▲恨みたい相手を思い浮かべながらストレス解消。「呪いのわら人形」の販売元が掲載した写真/インターネット・キャプチャー

 カナダのウィルフリッドローリエ大学の研究陣は、「呪いのわら人形」に向かって腹を立てると、そうでないときに比べて実際のストレス数値が下がるという事実を実験で証明し、2018年に「イグノーベル賞(人々を笑わせ、そして考えさせてくれる研究に与えられる賞)」を受賞した。「仮想の復讐に価値がある」というわけだ。ただし亜州大学心理学科のキム・ギョンイル教授は「人形が呪いの対象とあまりにも同じ姿をしている場合、効果はむしろ半減する可能性がある」と助言する。昨年出版した書籍に掲載された「呪いのわら人形、本当に効果があるのだろうか」という文章だ。「呪おうとする人とそっくりな人形にピンを刺すと、その人に本当に物理的な傷害を与えているようで罪悪感を感じることがあるからです。つまり、自分自身をコントロールできず、行き過ぎた行動を取ったのではないかと後悔することで、心が浄化されるよりもかえって気分が悪くなることもあります」

■呪い、合法と不法の間

 「呪いのわら人形」の販売者側は、「効果は立証されていない」と逃げ道を設けながらも「呪う相手の髪の毛、または爪、あるいは生年月日が書かれた紙と一握りのお米を袋に入れて人形と一緒に縛れ」という根拠のない使用方法を掲載したり、「鋭いくぎやはさみで痛みを与えるような思いで刺せ」などと刺激したりする。何ともふに落ちないが、このような呪いは刑事処罰の対象にならないというのが法曹界の判断だ。法務法人のスアン・チョソンウ弁護士は「一人で人形に呪いをかけるだけでは相手に対する害悪が告知されず、脅迫罪などが成立しない」としながらも「ソーシャルメディアなどを通じて相手を特定できる手がかりが写真や映像で流通される場合、侮辱罪として処罰される恐れがある」と説明する。

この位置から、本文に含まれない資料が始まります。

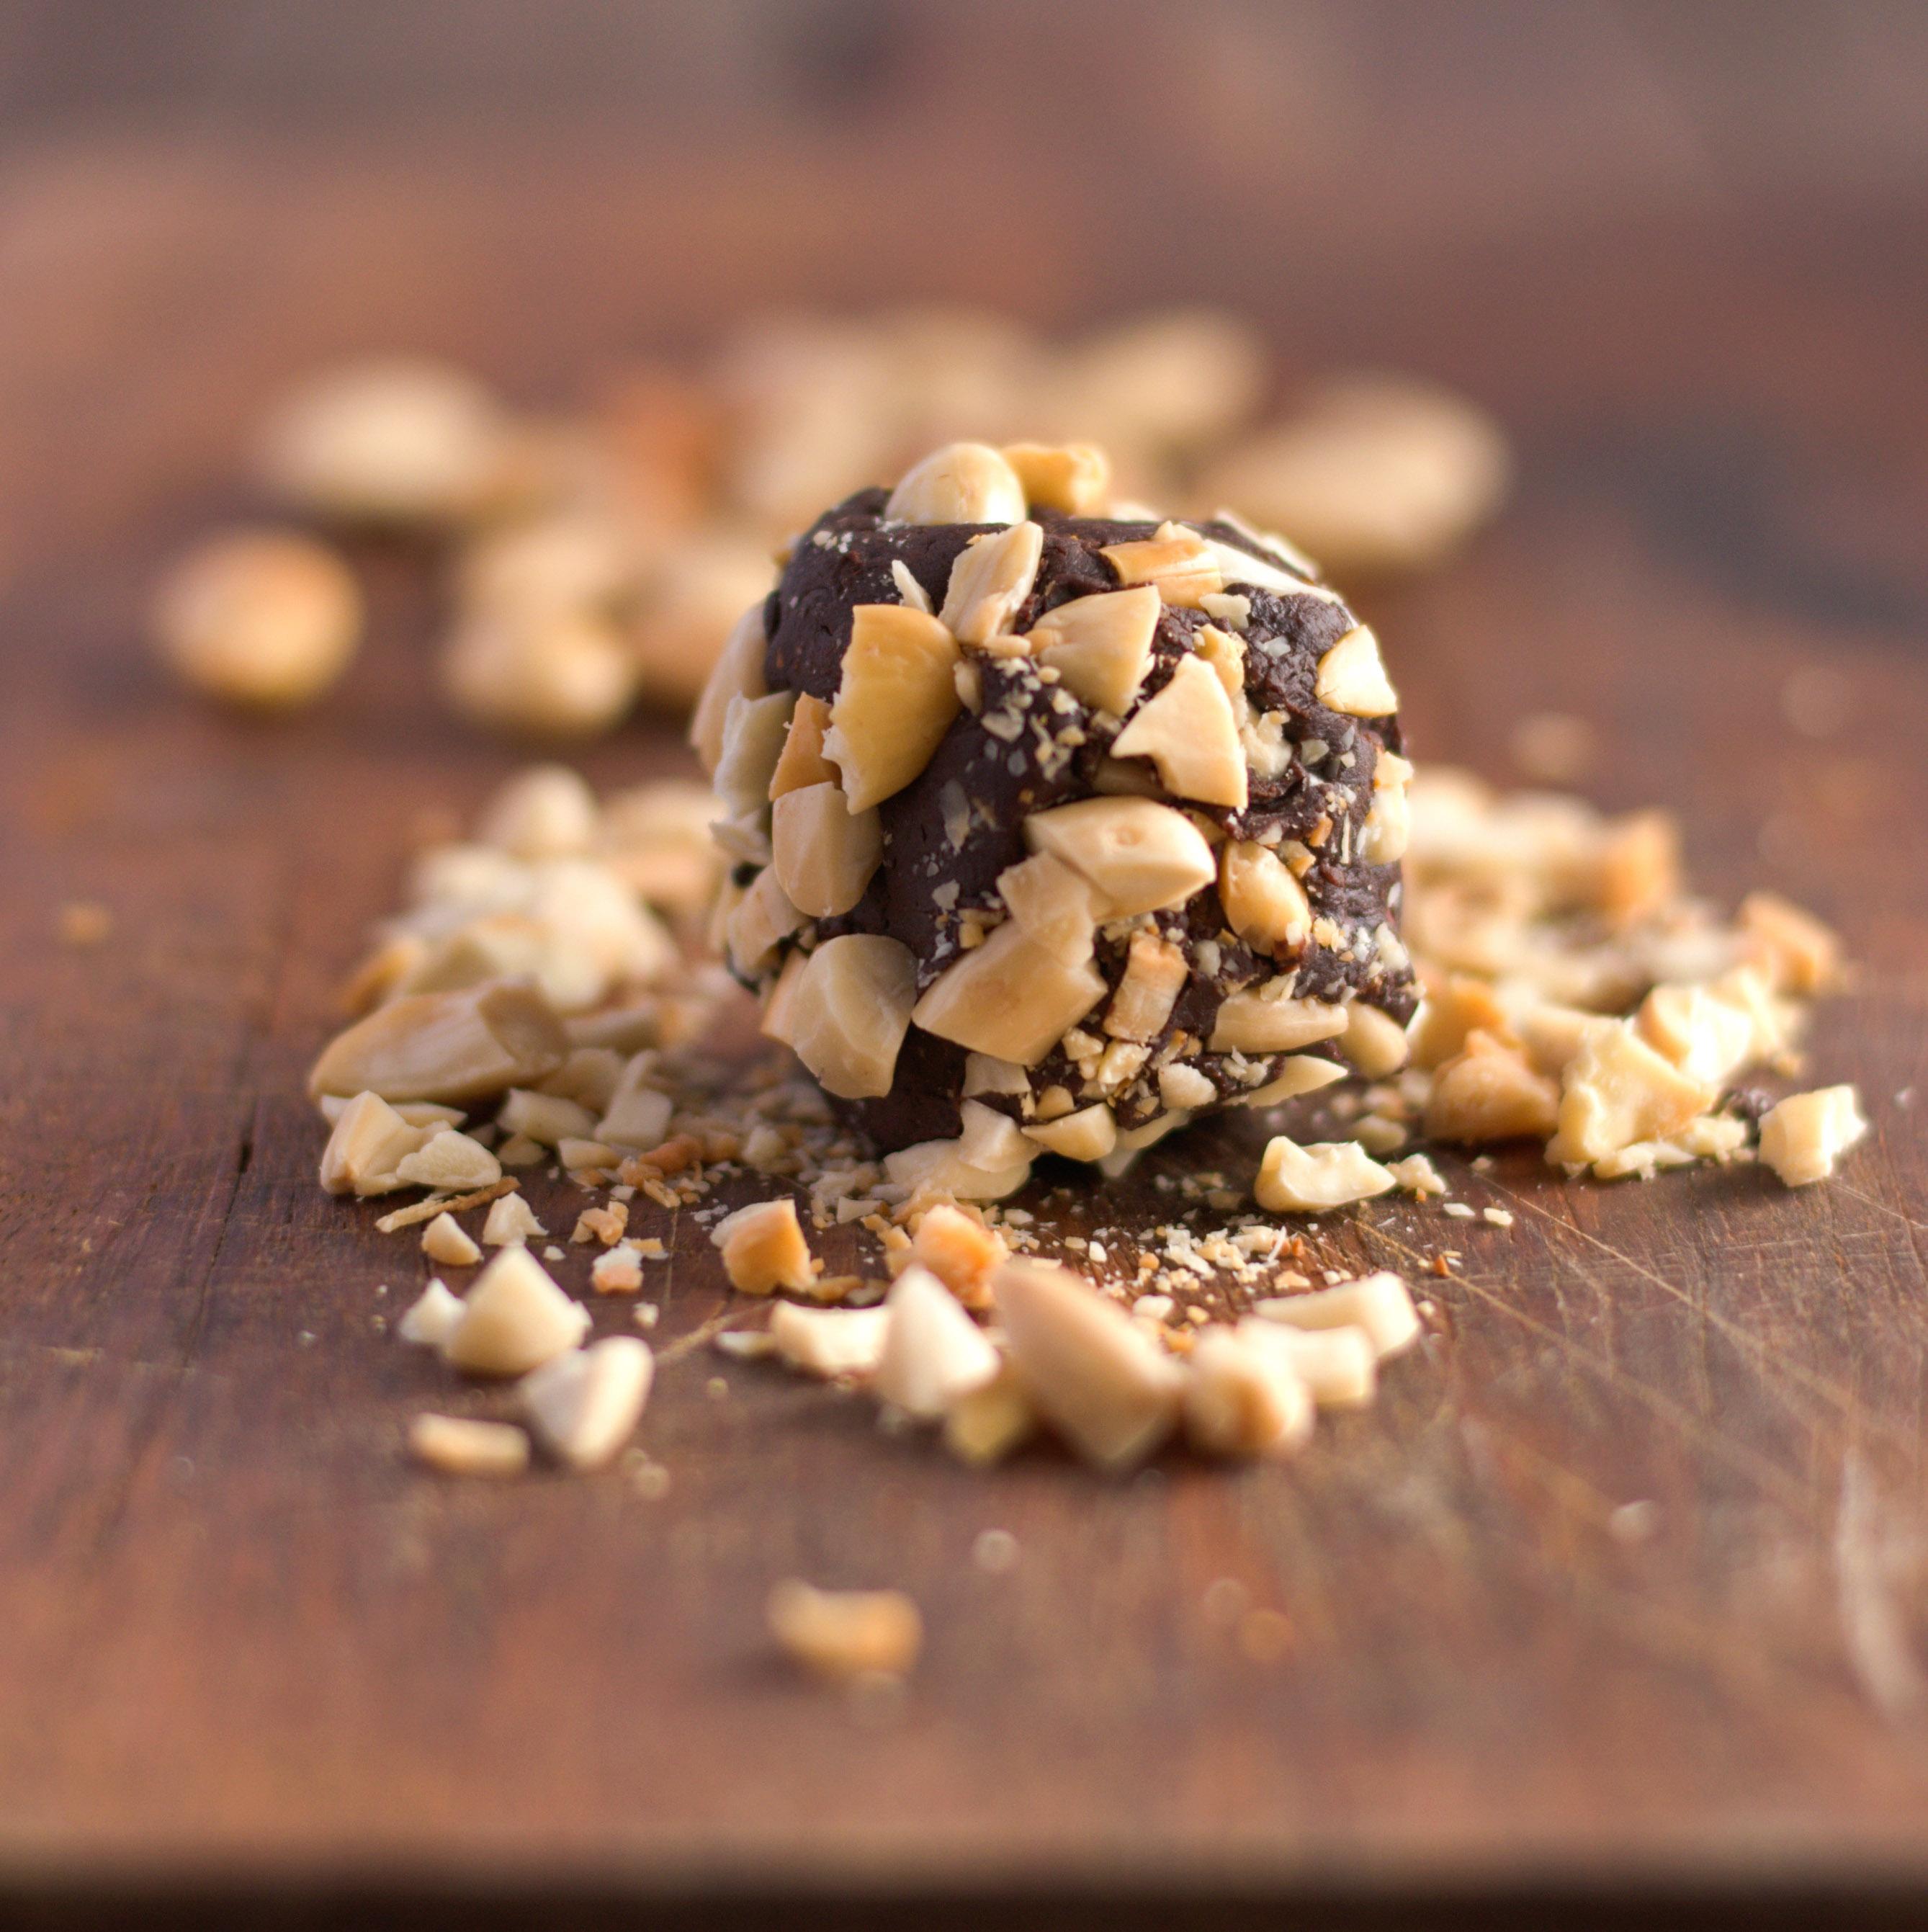 Gros rochers au chocolat, éclats de fève et noisettes 1-2-2

 時には公開的に呪いが行われることもある。今年2月、ある左派市民団体は、大統領の顔写真を貼った人形におもちゃの弓を射る「尹錫悦(ユン・ソンニョル)大統領に弓を射る」という呪いのイベントを開催したことで市民たちの反感を買ったほか、昨年の大統領選挙期間には反対陣営のある支持者が「これから五殺儀式を始める」とし、尹大統領をモチーフした人形を鋭い凶器で刺し通す写真をフェイスブックに掲載。大きな問題となった。批判が激しさを増したことで、ネット上の内容は削除された。

■呪いとは2度にわたって墓を掘る行為

 呪い(韓国語でチョジュ)を反対に書くと「躊躇(チュジョ)」になる。「殺したいくらいに憎い人がいるから購入したが、いざ商品を受け取ってみると呪いをかけるかどうか迷ってしまいます。怒りが収まったら、自分自身のために祈ろうと思います」。復讐の旅に出る前は、二つの墓を掘れという逸話がある。誰かを傷つけようとするとき、自分もけがをする恐れがあるというわけだ。「本当にここまでしなければならないかと思いながらも、私を苦しめた人間のために注文しました。ところで呪いをかけようと思い立った瞬間から、ずっと体の調子が良くありません」。否定的な気運が全身を支配したためだ。

 呪いのわら人形は古今東西を問わず長い歴史を有しているが、常に災いと共にあった。燕山君の母親であるペビ・ユン氏、粛宗の側室であるチャン・ヒビンなどが呪いのわら人形で悪行を行い、死薬(死刑の際に飲ませる薬)を飲まされたと伝えられている。「世宗実録」にも身の毛のよだつような記録が残されている。1424年、いとことの不倫が公になることを恐れ、夫を殺そうとした済州島の女、チャンイ(長伊)。夫の髪の毛と草で巫女(みこ)にわら人形を作らせ、全身にユズのとげを刺し、3日以内に急死するよう書いた呪いのお札まで使って神堂の下に埋めた。夫は数日もしないうちに亡くなったという。しかし結局、犯行は発覚し、チャンイは凌地(りょうち)処死(徐々に痛みを伴う処刑)に処され、共謀者たちも大きな罰を受けた。